**Dataset excerpt**.
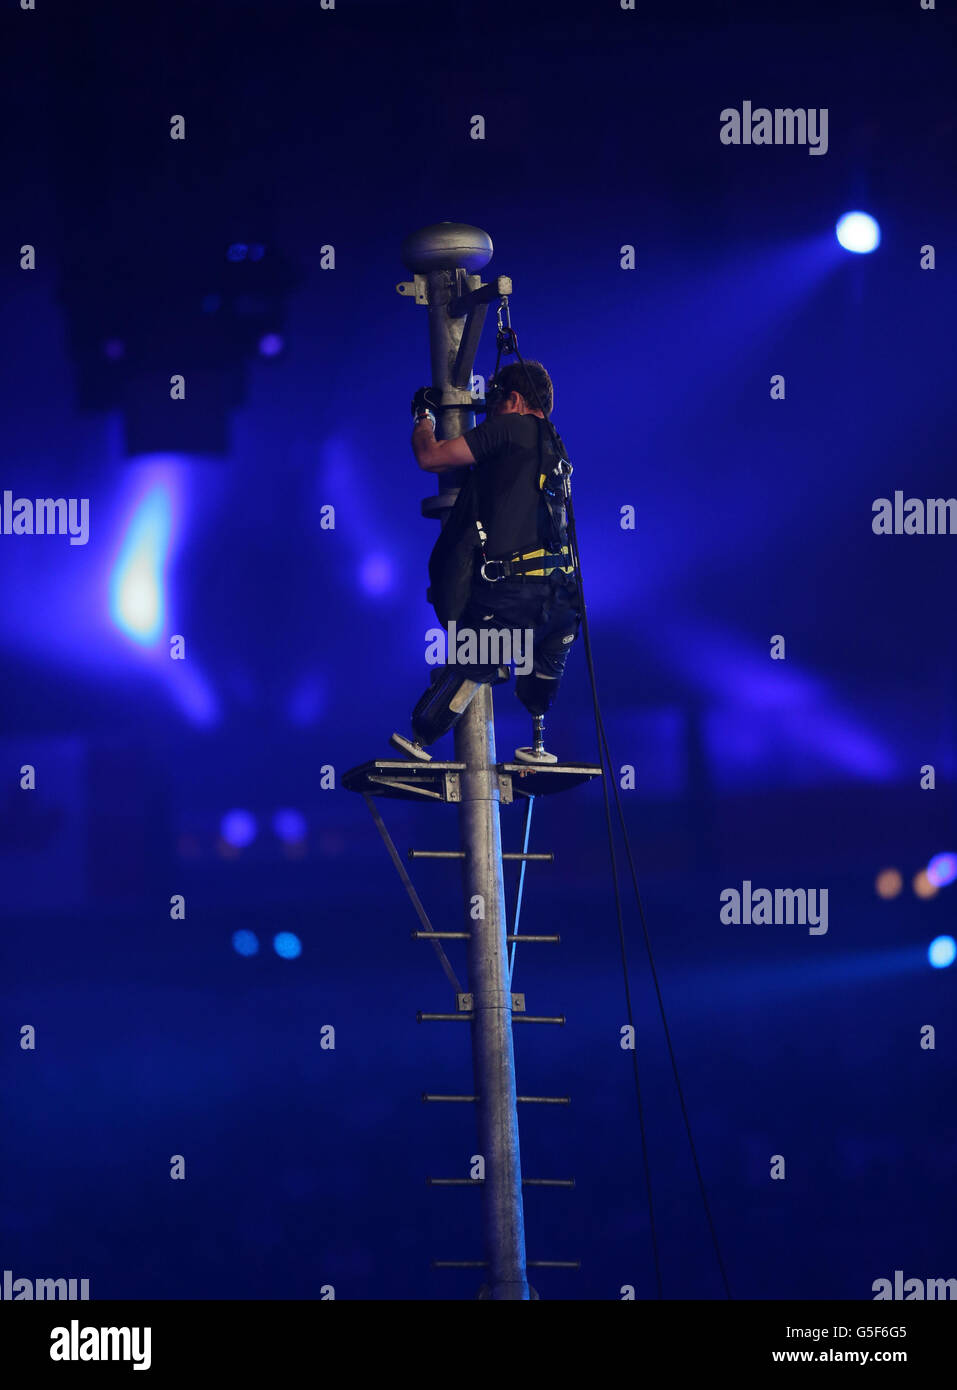 Captain Luke Sinnot climbs a flag pole during the Closing Ceremony for the London Paralympic Games 2012 at the Olympic Stadium, London. Stock Photo
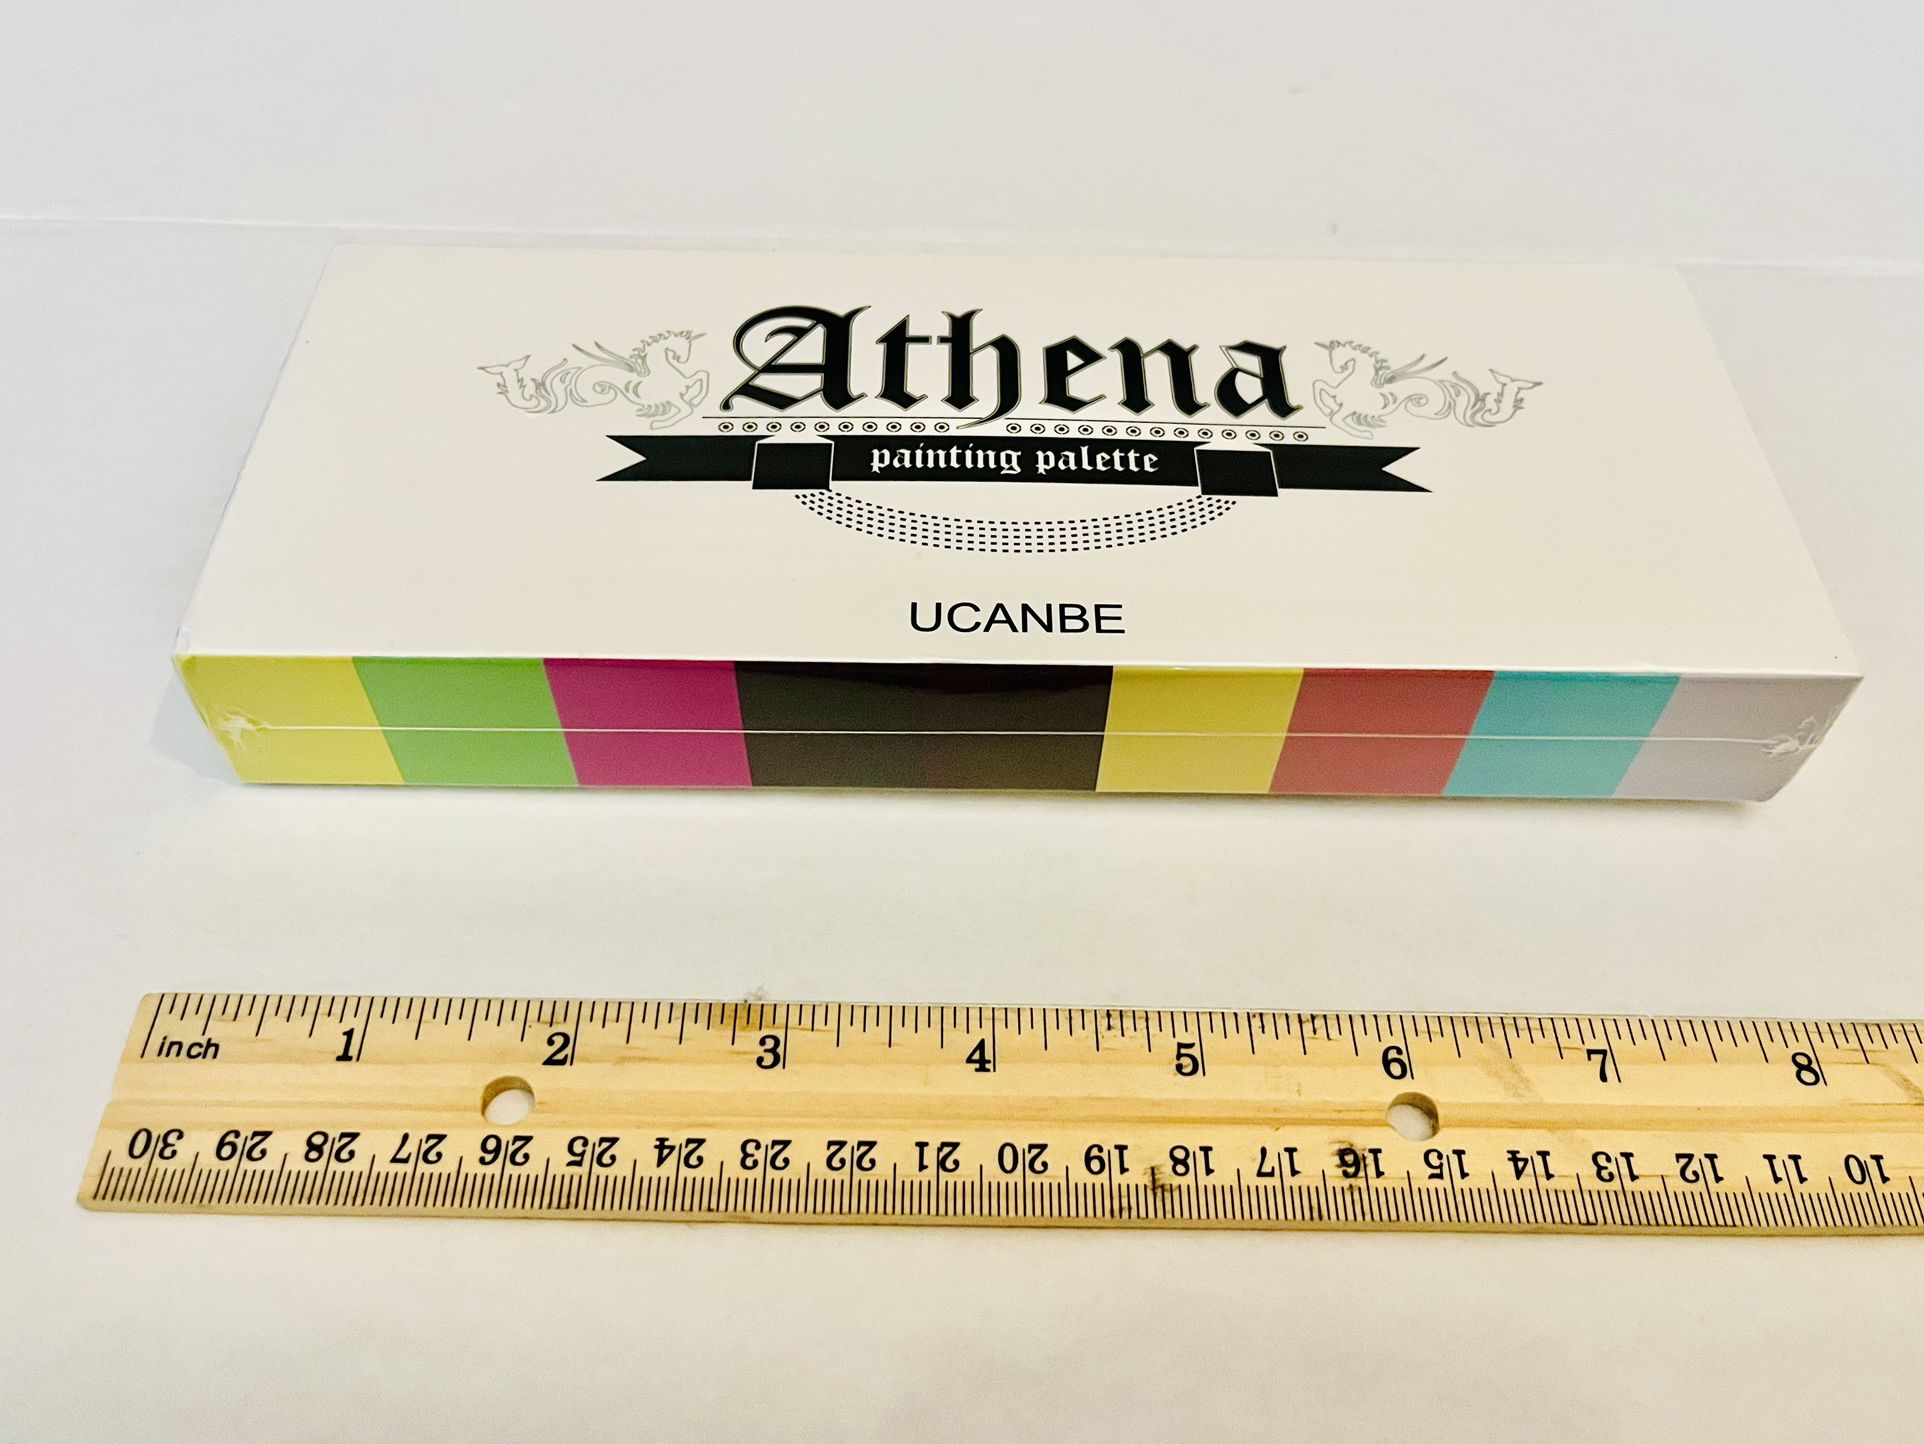 UCANBE - Athena - Painting Palette for Sale in Miami, FL - OfferUp
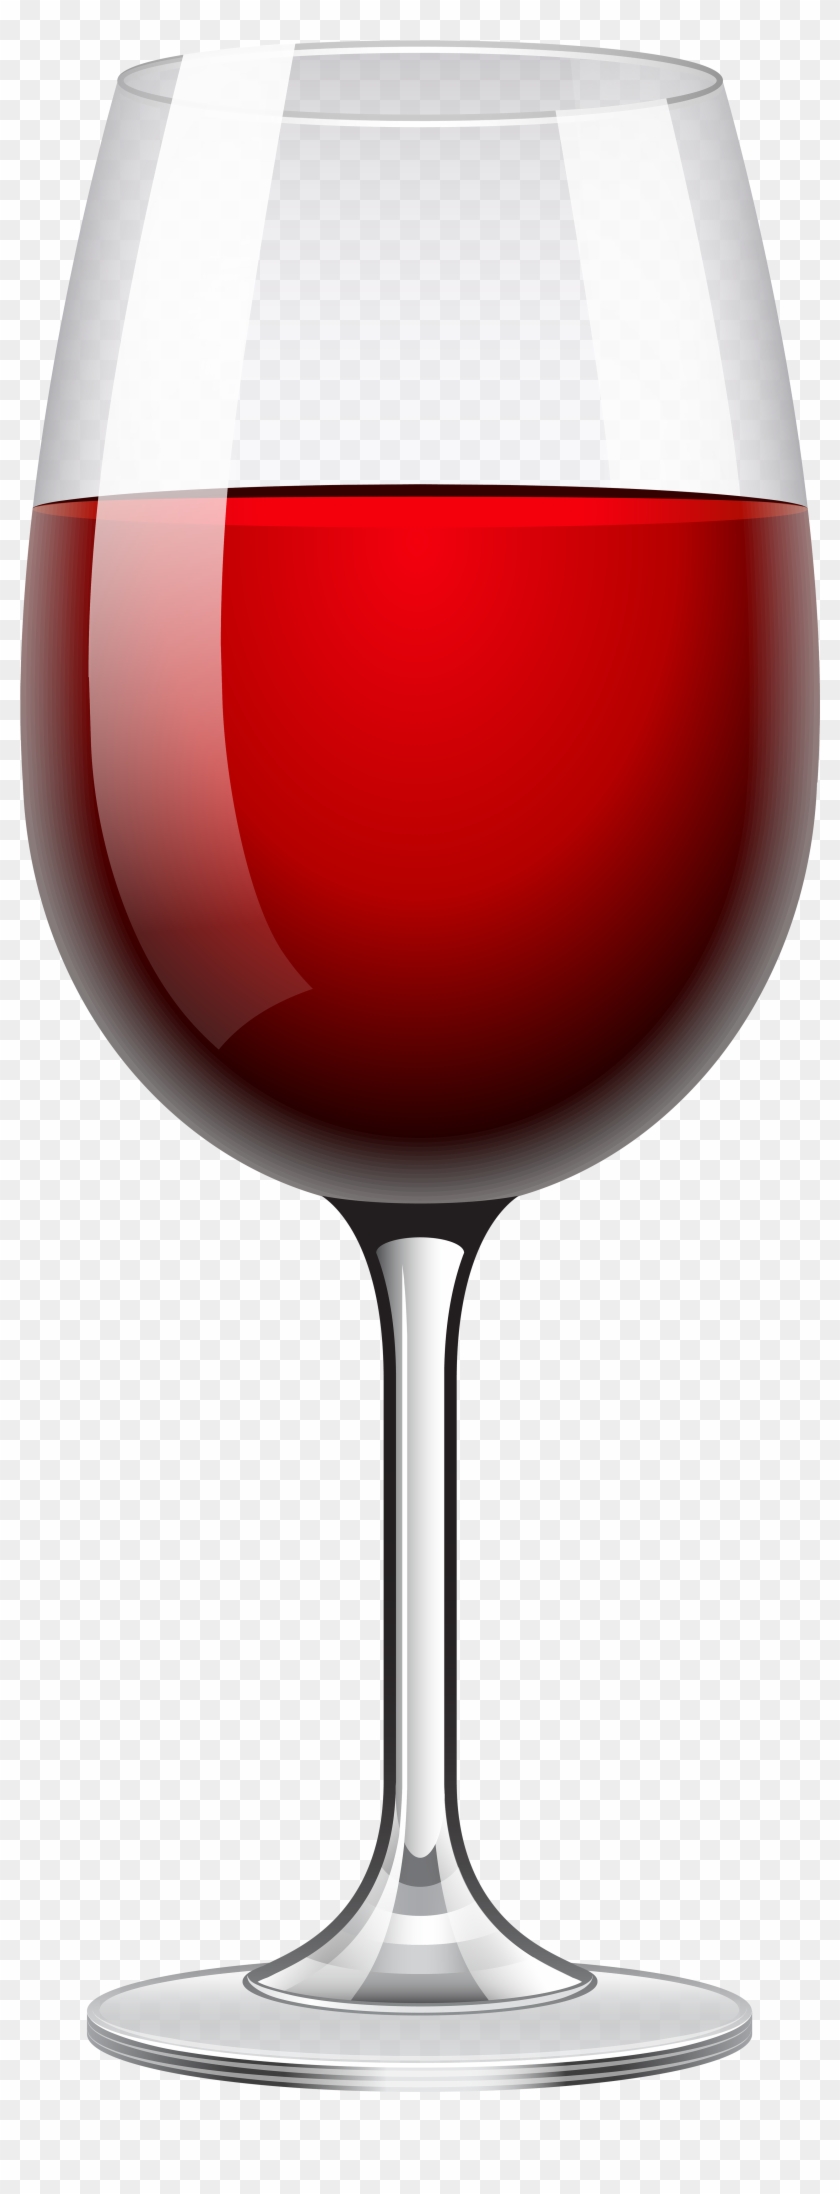 Red Wine Glass Transparent Png Clip Art Image - Red Wine Glass Png #388585

**To do**.
Restate the listing word for word, pictures excluded.

**Response area**.
 Captain Luke Sinnot climbs a flag pole during the Closing Ceremony for the London Paralympic Games 2012 at the Olympic Stadium, London. Stock Photo
 UCANBE - Athena - Painting Palette for Sale in Miami, FL - OfferUp
 Red Wine Glass Transparent Png Clip Art Image - Red Wine Glass Png #388585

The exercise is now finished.